Please set down only the lines below starting with the line with "FEMA Administrator Brock" and going on through the line with "A rubber duck Stock Photo", verbatim and without pictures.
EXERCISE DATA Block Start
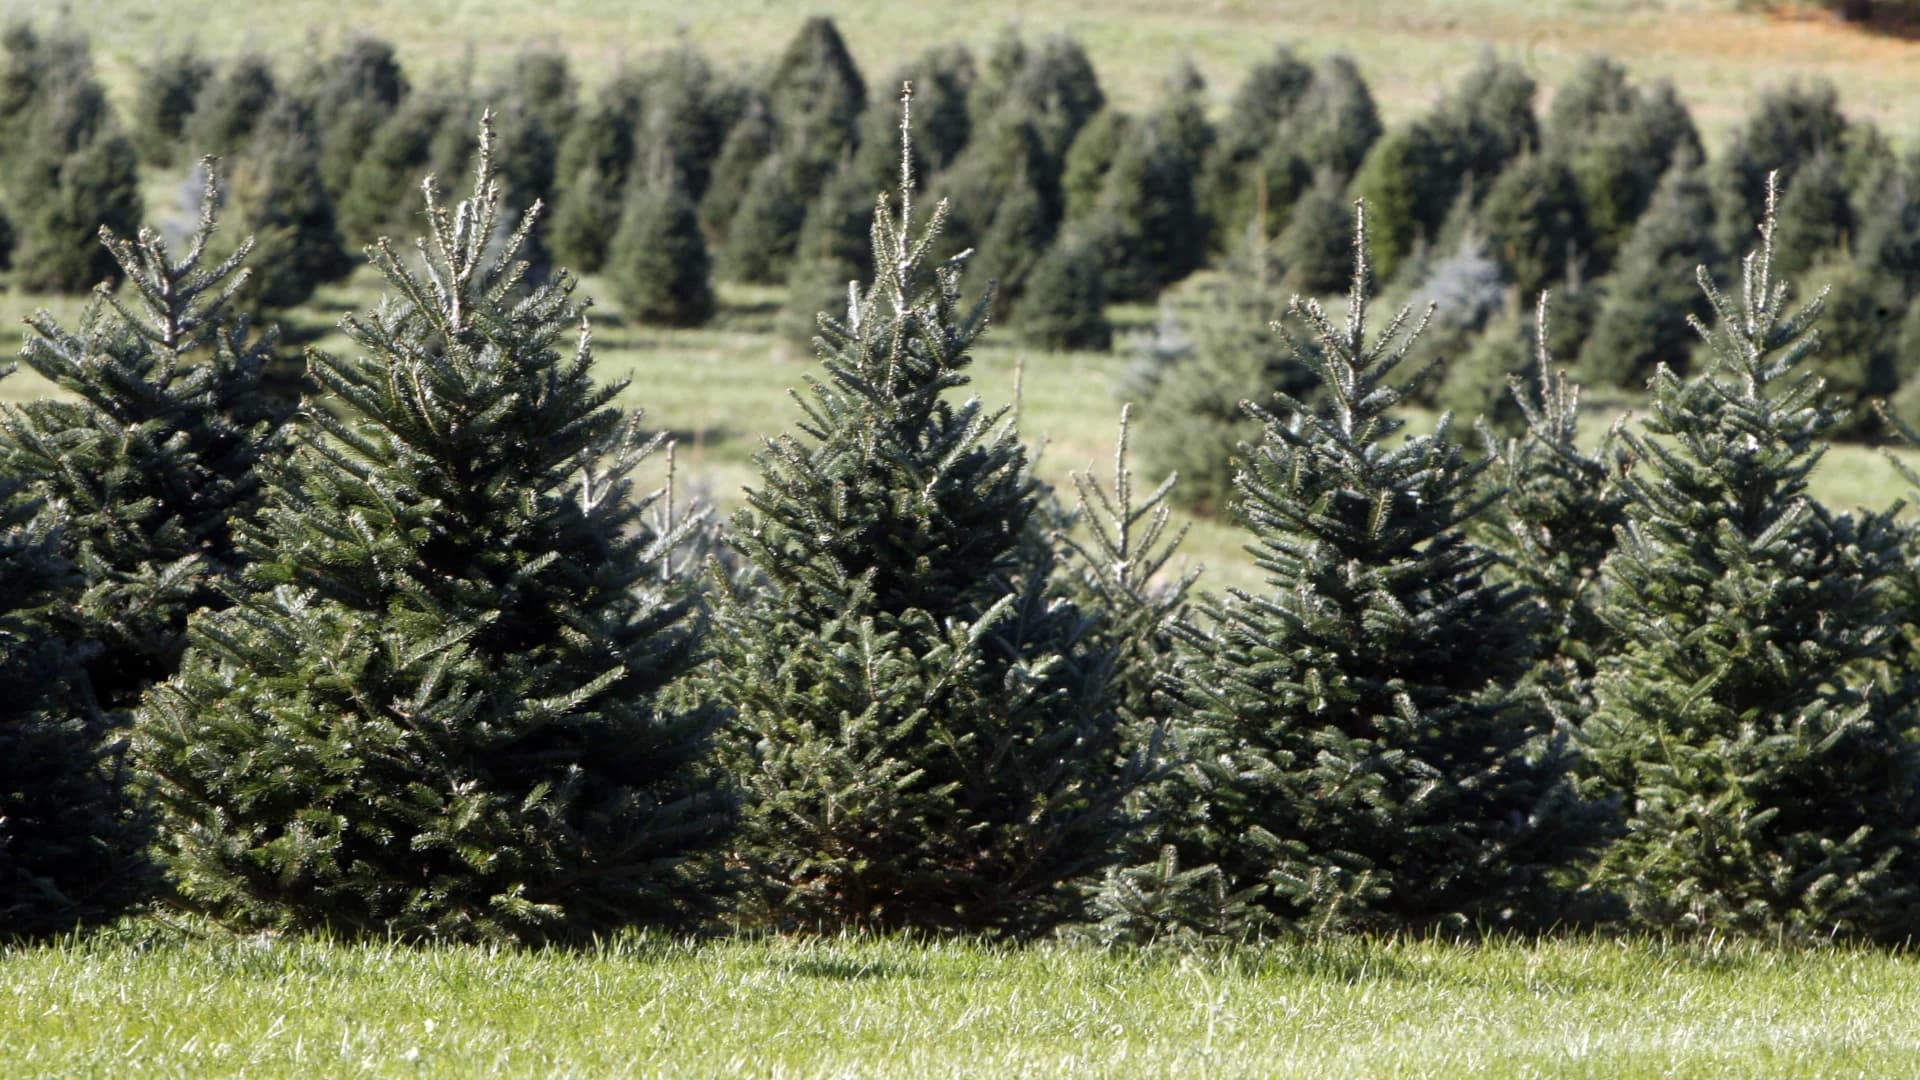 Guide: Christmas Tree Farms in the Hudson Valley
EXERCISE DATA Block End
EXERCISE DATA Block Start
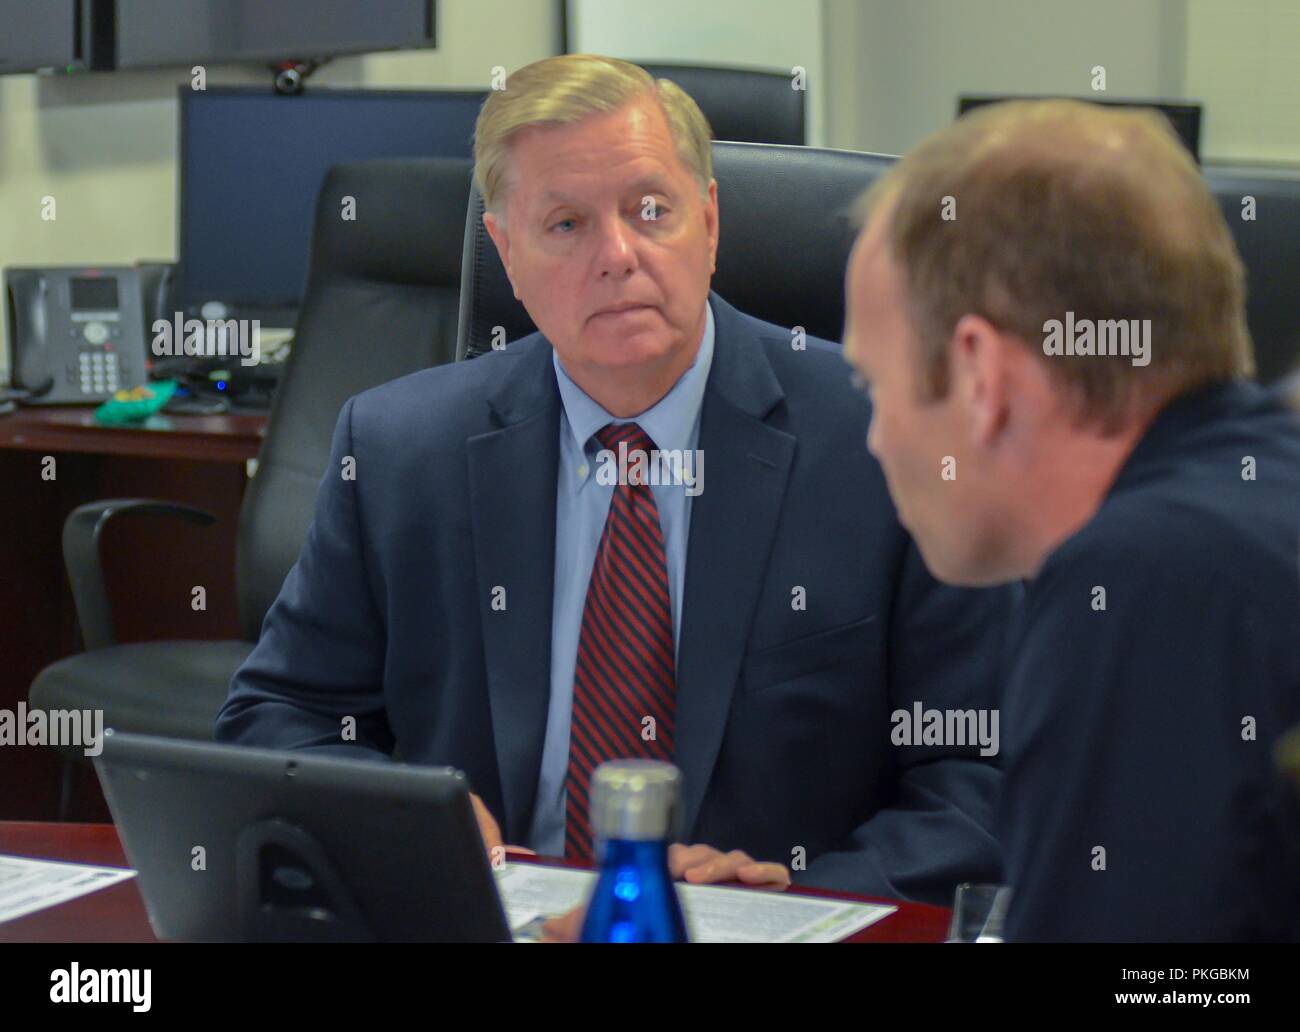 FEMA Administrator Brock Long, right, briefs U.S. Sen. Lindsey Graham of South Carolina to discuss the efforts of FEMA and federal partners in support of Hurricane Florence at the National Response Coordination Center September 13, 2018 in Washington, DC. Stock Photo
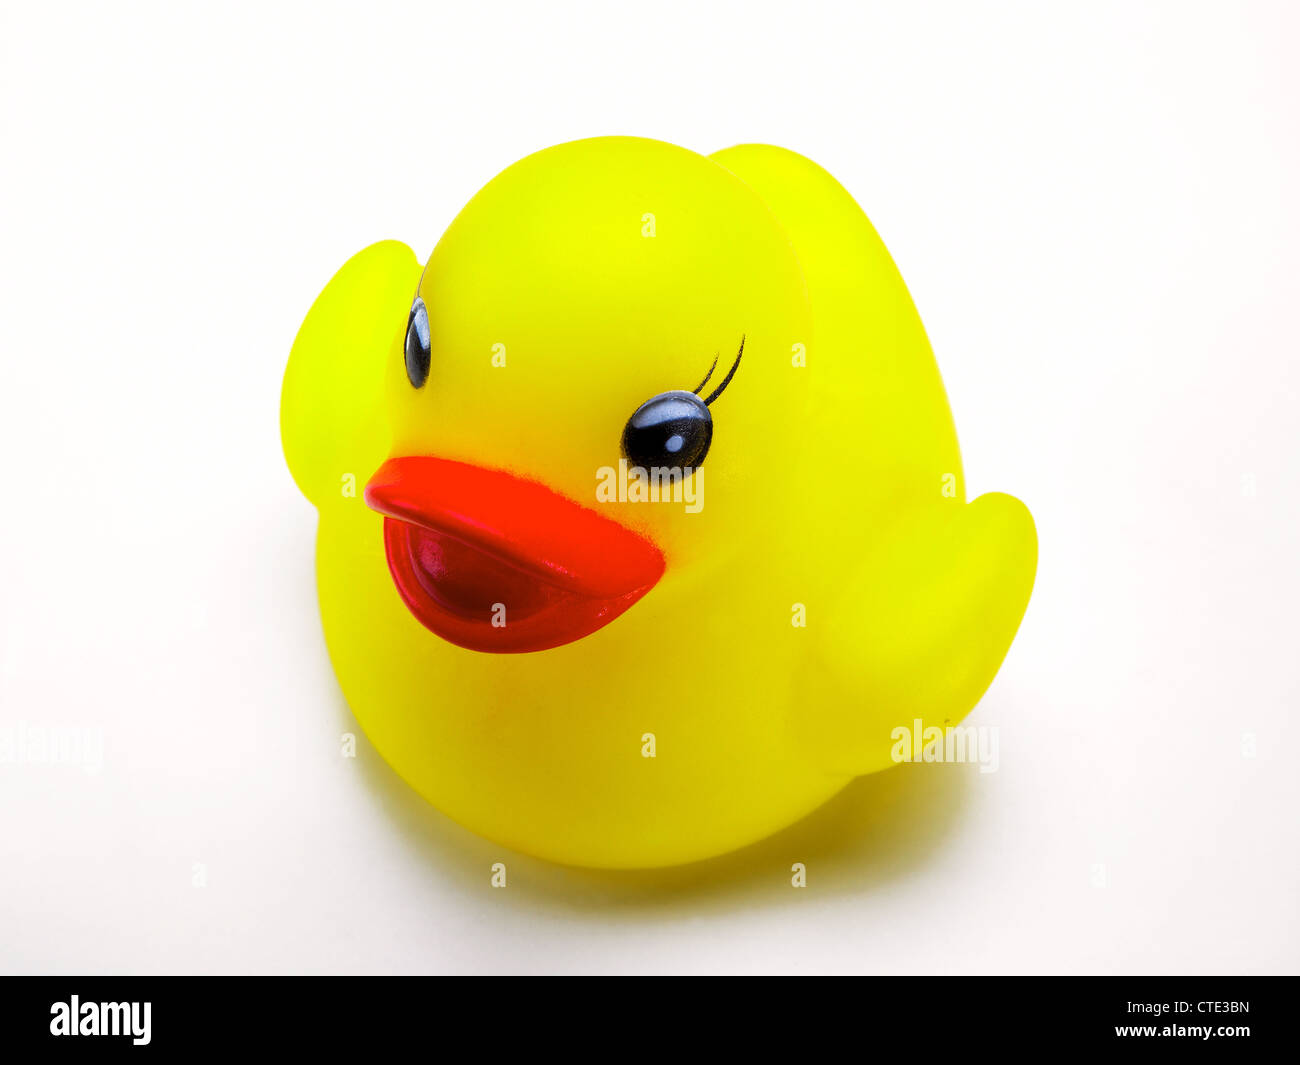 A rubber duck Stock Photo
EXERCISE DATA Block End
WRITTEN RESPONSE:
 FEMA Administrator Brock Long, right, briefs U.S. Sen. Lindsey Graham of South Carolina to discuss the efforts of FEMA and federal partners in support of Hurricane Florence at the National Response Coordination Center September 13, 2018 in Washington, DC. Stock Photo
 A rubber duck Stock Photo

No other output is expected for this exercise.